Missionary in New France

Pierre de Lagrené (or Pierre Lagrené) (1659, Paris—November 24, 1736, Quebec) was a missionary in New France.

He entered the Society of Jesus at Paris in October 1677 and studied philosophy at the Jesuit college of La Flèche (1679–81). After teaching Latin, classics, and rhetoric for five years at the college in Hesdin and rhetoric for two years at the college in Eu, Normandy, he was ordained a priest (1693). In 1694 he was sent to the Canada mission. After a short stay at Lorette, spent in the study of the Huron language, he was stationed (1697-1701) at Sault St. Louis (Caughnawaga) with the Iroquois. He then returned to Lorette for a year. In 1704 he was back at Sault St. Louis, where he remained until transferred to Montreal in 1707, of which residence he was named superior in 1716. This position he still occupied in 1720.
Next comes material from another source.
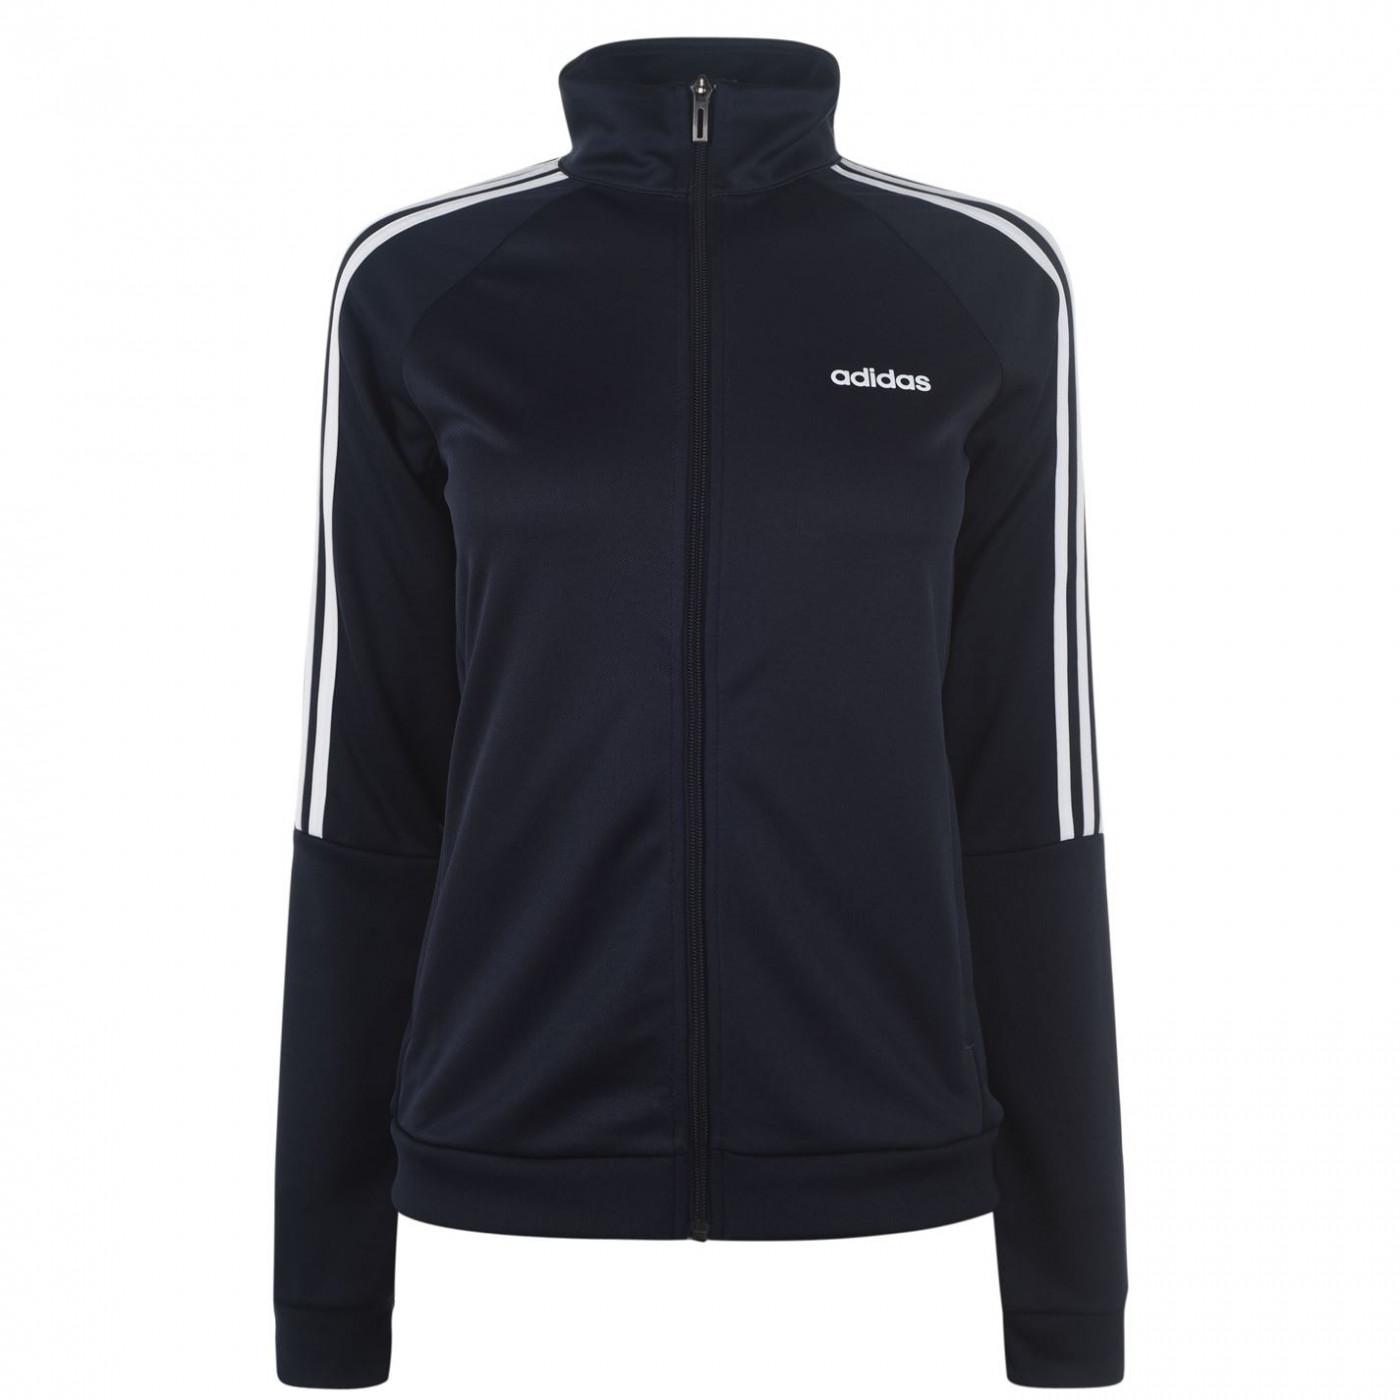 Adidas 3S Tracktop Lds 00

During the last eleven years of his stay in Montreal, besides his spiritual ministrations to the transient bands of Indians and the ordinary ministry of the Church, he was director of the Montreal Congrégation des Hommes de Ville-Marie, then in its infancy, which brought together the elite of Montreal society. This sodality, affiliated to the Roman (May 3, 1693) by the General of the Society of Jesus, under the title of the Assumption of Our Lady, passed into the hands of the priests of the Society of Saint-Sulpice, when the last Jesuit at Montreal, Father Bernard Well, died in 1791. On August 10, 1710, Lagrené had the satisfaction of seeing the completion of the sodality chapel, commenced May 24, 1709, and in taking part in the ceremony of its blessing with the then local superior, Father François-Vaillant de Gueslis.

In 1723 Father Lagrené was transferred to Quebec College, there to be prefect of schools. He filled this position until 1735, but other responsibilities were added. Minister in 1724–25, he became director of the sodality in 1730. In 1735 his increasing infirmities incapacitated him for further work. He died at the College of Quebec the following year.